# Two Jandaz Cockapoo in The Spencer's Arms in Putney



## Turi (Jun 28, 2011)

We went to The Spencer's Arms in Putney after the boat race and met not one, but two Jandaz Cockapoos! One was a five year old Toy/Show cross called Molly. Unfortunately I didn't get a picture of Molly. 

The second was Bertie, a 15 week old F2 Cockapoo pup... (on the right below) 

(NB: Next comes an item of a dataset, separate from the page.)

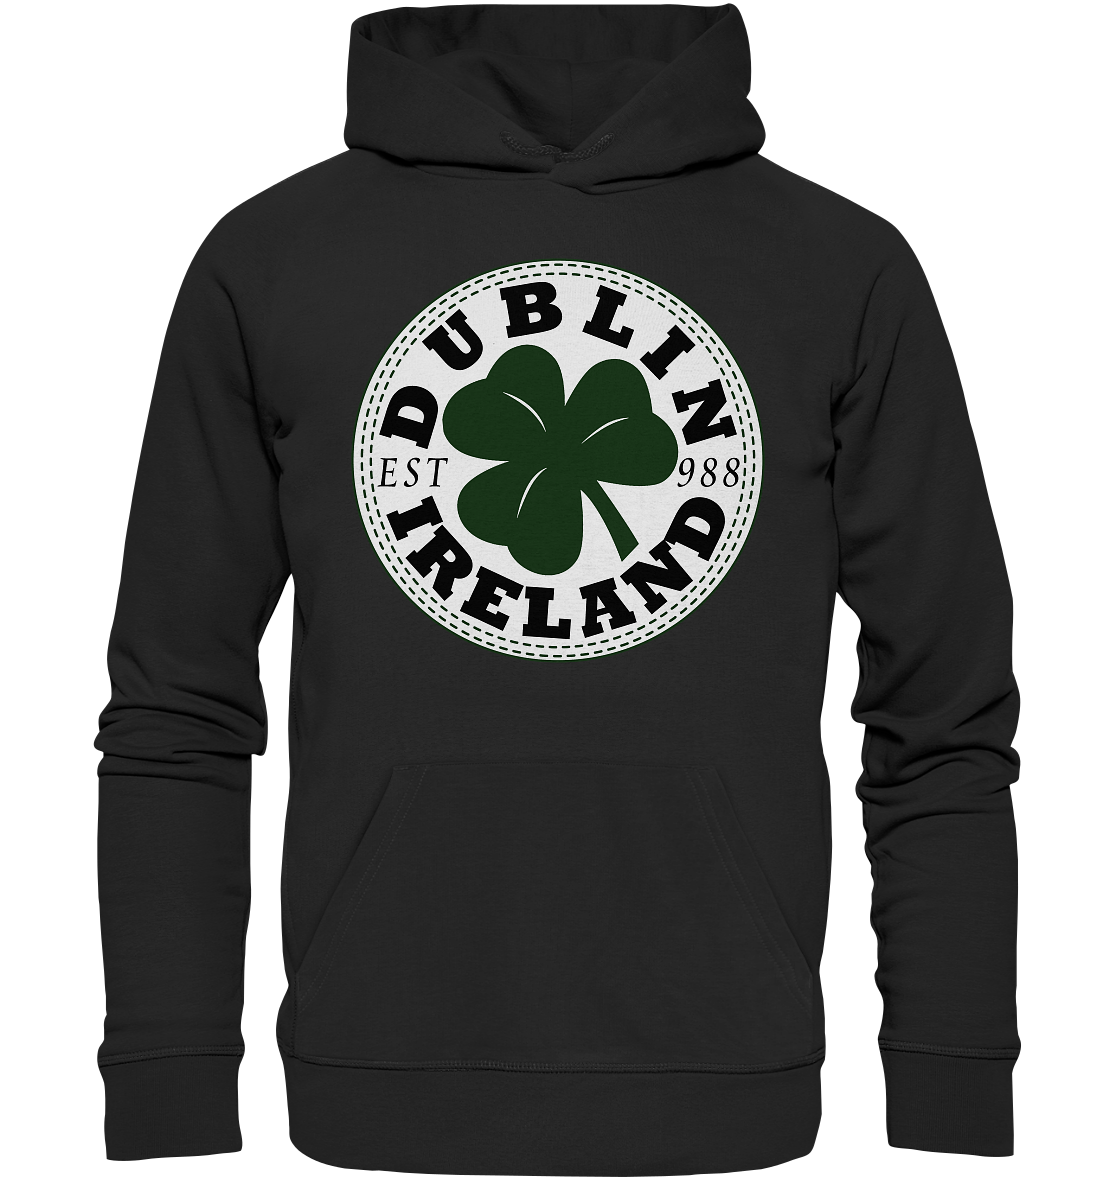 Dublin "Ireland / Est 988" - Premium Unisex Hoodie
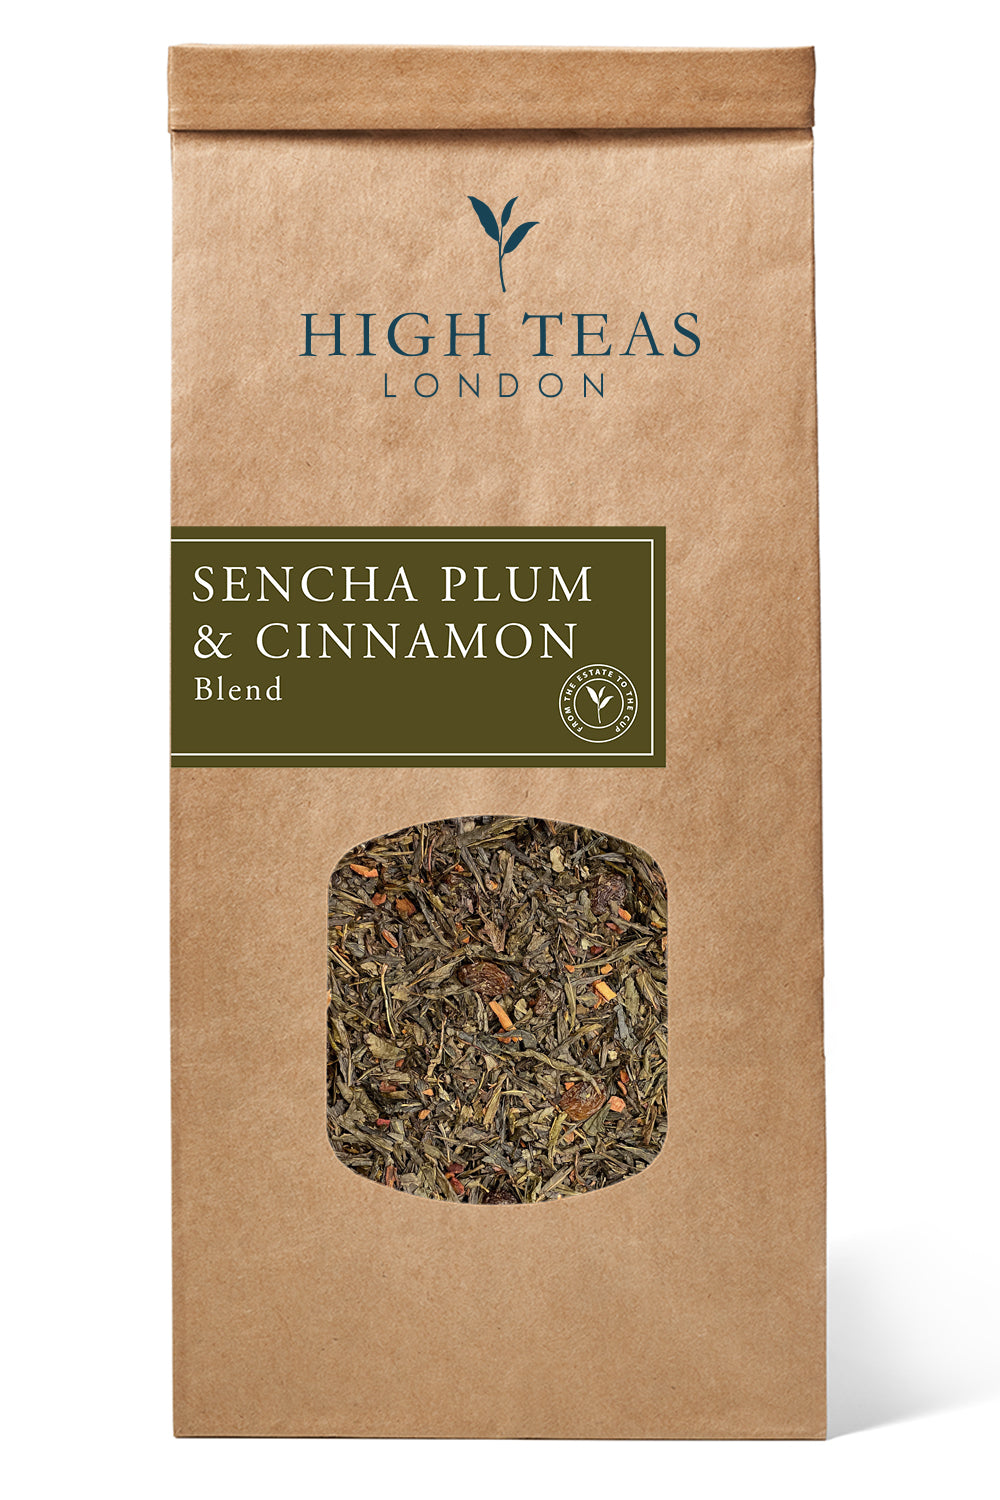 Sencha Plum and Cinnamon-250g-Loose Leaf Tea-High Teas

The WEIRDEST thing was that my sister came over and asked why I was talking to her colleague... Bertie's owner. Too many coincidences in one day lol!


----------



## JoJo (Mar 2, 2011)

ahh nothing better than a cockapoo chat ... and we all know the jandaz gang like the pub ... Romeo is always in the pub  

Pleased you had a lovely day x


----------



## DONNA (Jan 7, 2011)

They look like twins!!! so cute


----------



## Turi (Jun 28, 2011)

They were incredibly similar! Bertie's coat was much curlier though and he was a lovely chunky boy compared to our lyth Saffi!


----------



## wilfiboy (Sep 18, 2010)

Three cockapoo's in the same pub!!!! where there any other dogs ?? x


----------



## Turi (Jun 28, 2011)

Yes, there was a working Cocker and a terrier too - lots of doggies


----------



## lady amanda (Nov 26, 2010)

I wish we had a doggy friendly pub...it would be so nice to go for dinner and a drink and bring lady along....she would love it!


----------



## Turi (Jun 28, 2011)

Are dogs not allowed in pubs in Canada Amanda?


----------



## lady amanda (Nov 26, 2010)

no, dogs aren't allowed in most places. no eating establishments, and no stores except pet stores.


----------



## Turi (Jun 28, 2011)

Poop - that sucks. Move to England


----------



## lady amanda (Nov 26, 2010)

Done! 
lol....I would love to move to England...I have always dreamed of it as a kid. I have never been...but I want to visit so badly. 
Hoping one day.


----------



## Turi (Jun 28, 2011)

We can all meet with our 'Poos in the pub when you come!


----------



## Rufini (Sep 9, 2011)

lady amanda said:


> Done!
> lol....I would love to move to England...I have always dreamed of it as a kid. I have never been...but I want to visit so badly.
> Hoping one day.


You're practically English being Canadian anyway  You say 'z' correctly!!!


----------



## wilfiboy (Sep 18, 2010)

Come on Mo get a thread going, you could travel over here and stay with us all, get to see ALL the sights of the UK as you move around us .... cheap holiday and get to meet us all xx


----------